Because each treatment corresponds to a different number of cells, we will use a bootstrap approach to identify indices that are significantly different between conditions. we will bootstrap 2000 cells from the selected bins, then check which bin contains at least 2 times more cells in the reference compared to other treatments. This operation will be repeated 400 times, and any bin that is consistently different in 380 bins will be considered significant.
library(abind)
boot.mat <- lapply(seq(1,N),function(x) {
if (x%/%100==x/100) cat(x,'\n')
# bootstrap hilbert indices
cur.boot <- sample(which(hc %in% boot.ind),
size=ncells,
replace=TRUE)
return(table(factor(hc[cur.boot],levels=boot.ind),
droplevels(fullAnnots[cur.boot,'Treatment'])))
}
)
## 100
## 200
## 300
## 400
boot.mat <- abind(boot.mat,along=3)
boot.log <- log2(boot.mat)
boot.fold <- sweep(boot.log[,-1,],c(1,3),boot.log[,1,])
boot.sign <- sign(boot.fold)
boot.sign[abs(boot.fold)<log2(flim)] <- 0
boot.res <- apply(boot.sign,c(1,2),function(x) table(sign(x))[c('-1','0','1')])
boot.res <- aperm(boot.res,c(2,1,3))
boot.res[is.na(boot.res)] <- 0
dimnames(boot.res)[[2]] <- c('-1','0','1')
After the analysis, the following number of bins are found significant:
sig.res <- apply(boot.res[,c('-1','1'),]>(N*p),c(1,3),any)
sum.sig.res <- cbind(colSums(sig.res),
colSums(treatment.table[boot.ind[rowSums(sig.res)>0],colnames(sig.res)]))
p.cells.sig.res <- lapply(colnames(sig.res),
function(cur.cl) {
x <- treatment.table[boot.ind,cur.cl]
return(sum(x[sig.res[,cur.cl]])/sum(x))
}
)
names(p.cells.sig.res) <- colnames(sig.res)
sum.sig.res <- cbind(sum.sig.res,
round(100*unlist(p.cells.sig.res),0))
colnames(sum.sig.res) <- c('Number of indices',
'Number of Significant cells',
'Percent Significant Cells')
kable(sum.sig.res)
Number of indices | Number of Significant cells | Percent Significant Cells | |
---|---|---|---|
BCR/FcR-XL | 3 | 5788 | 1 |
PMA/Ionomycin | 47 | 4129 | 46 |
vanadate | 45 | 1733 | 28 |
Focusing on BCR/FcR-XL, which are the 3 indices that were found significant?
kable(treatment.table[boot.ind[sig.res[,'BCR/FcR-XL']],])
reference | BCR/FcR-XL | PMA/Ionomycin | vanadate | |
---|---|---|---|---|
2098176 | 1 | 97 | 32 | 0 |
4194304 | 69 | 3 | 7 | 13 |
6291455 | 198 | 14 | 23 | 48 |
Compared to the unstimulated sample, cells are decreasing in 2 bins and increasing in a 3rd one. Based on manual gating, what do these bins correspond to?
cur.treatment <- 'BCR/FcR-XL'
sig.cells <- with(fullAnnots,table(droplevels(Cells[hc %in% boot.ind[sig.res[,cur.treatment]]])))

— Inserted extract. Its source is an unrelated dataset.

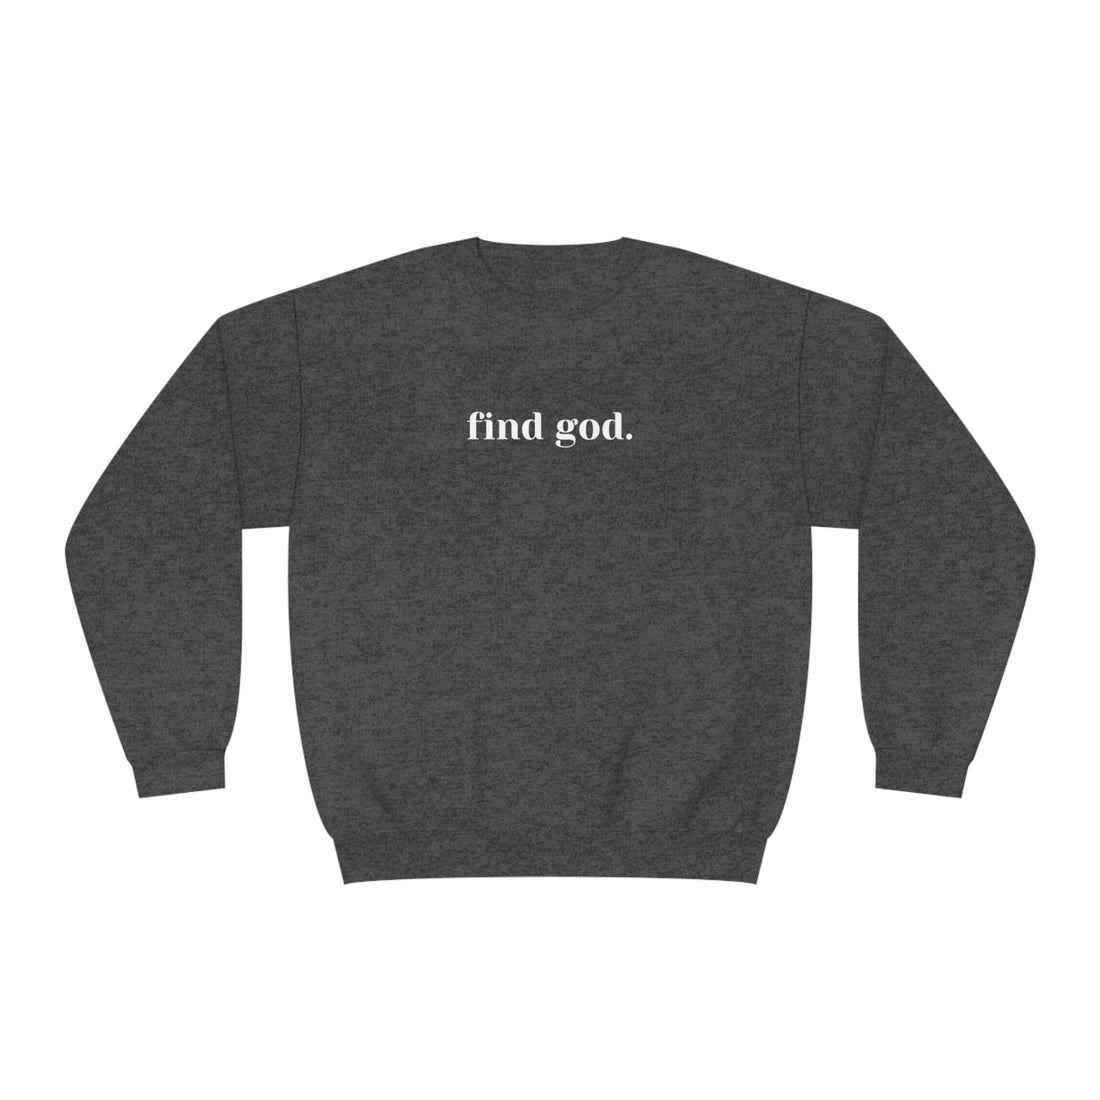 Find God. Unisex NuBlend® Crewneck Sweatshirt

total.sig.cells <- with(fullAnnots,table(droplevels(Cells[Cells %in% names(sig.cells) &
hc %in% boot.ind])))
treatment.sig.cells <- with(fullAnnots,
table(droplevels(Cells[hc %in% boot.ind[sig.res[,cur.treatment]] &
Treatment==cur.treatment])))
treatment.total.cells <- with(fullAnnots,
table(droplevels(Cells[Cells %in% names(sig.cells) &
hc %in% boot.ind &
Treatment==cur.treatment])))
sum.sig.cells <- cbind(sig.cells,
total.sig.cells,
round(100*sig.cells/total.sig.cells),
treatment.sig.cells,
treatment.total.cells,
round(100*treatment.sig.cells/treatment.total.cells))

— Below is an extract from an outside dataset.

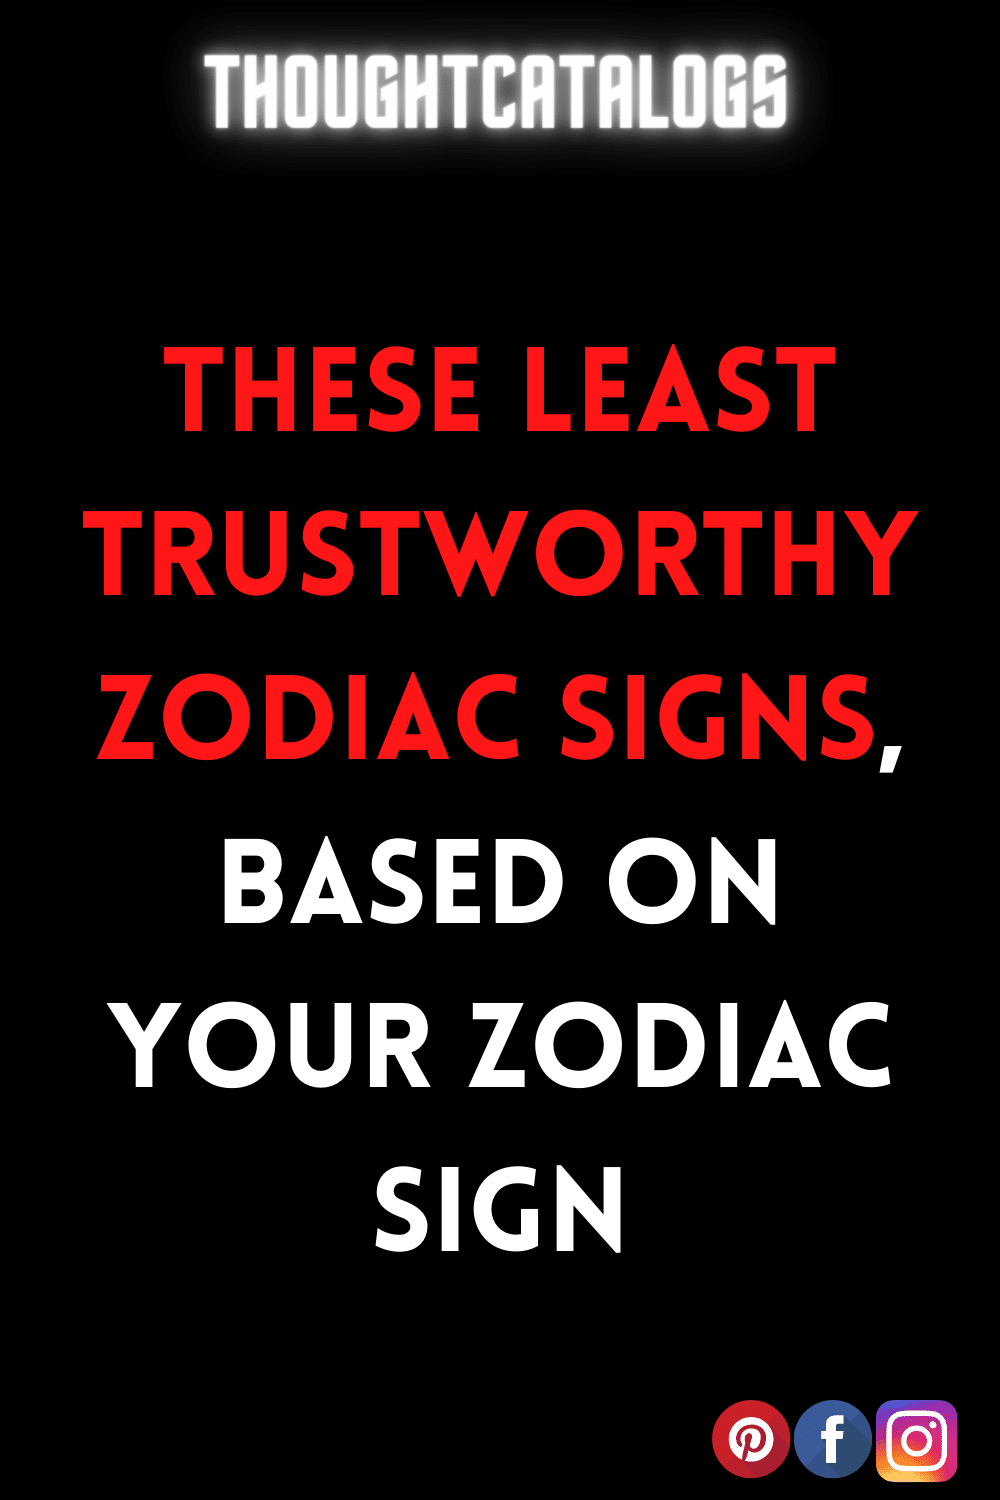  #Astrology2022 #horoscope2022 #ZodiacSigns2022 #zodiac #astrology #zodiacsigns #horoscope #capricorn #virgo #aries #leo #scorpio #pisces #libra #cancer #taurus #aquarius #gemini #zodiacmemes #sagittarius #horoscopes #love #zodiacsign #zodiacposts #astrologymemes #zodiacfacts #astrologyposts #tarot #zodiacs #art #zodiaco #zodiacpost #bhfyp#astrologer #astro #astrologysigns #zodiaclove

colnames(sum.sig.cells) <- c('Number of Significant Cells',
'Total number of Cells',
'Percent of Total',
paste('Number of Signigicant Cells in',cur.treatment),
paste('Number of Cells in',cur.treatment),
paste('Percent of',cur.treatment))
kable(sum.sig.cells)
Number of Significant Cells | Total number of Cells | Percent of Total | Number of Signigicant Cells in BCR/FcR-XL | Number of Cells in BCR/FcR-XL | Percent of BCR/FcR-XL | |
---|---|---|---|---|---|---|
igm- | 30 | 288 | 10 | 23 | 119 | 19 |
igm+ | 475 | 1373 | 35 | 91 | 320 | 28 |
All the cells that are found significant are B cells, and they represent a large fraction of all B cells in the BCR/FcR-XL sample, even when only taking the bootstrapped indices into account.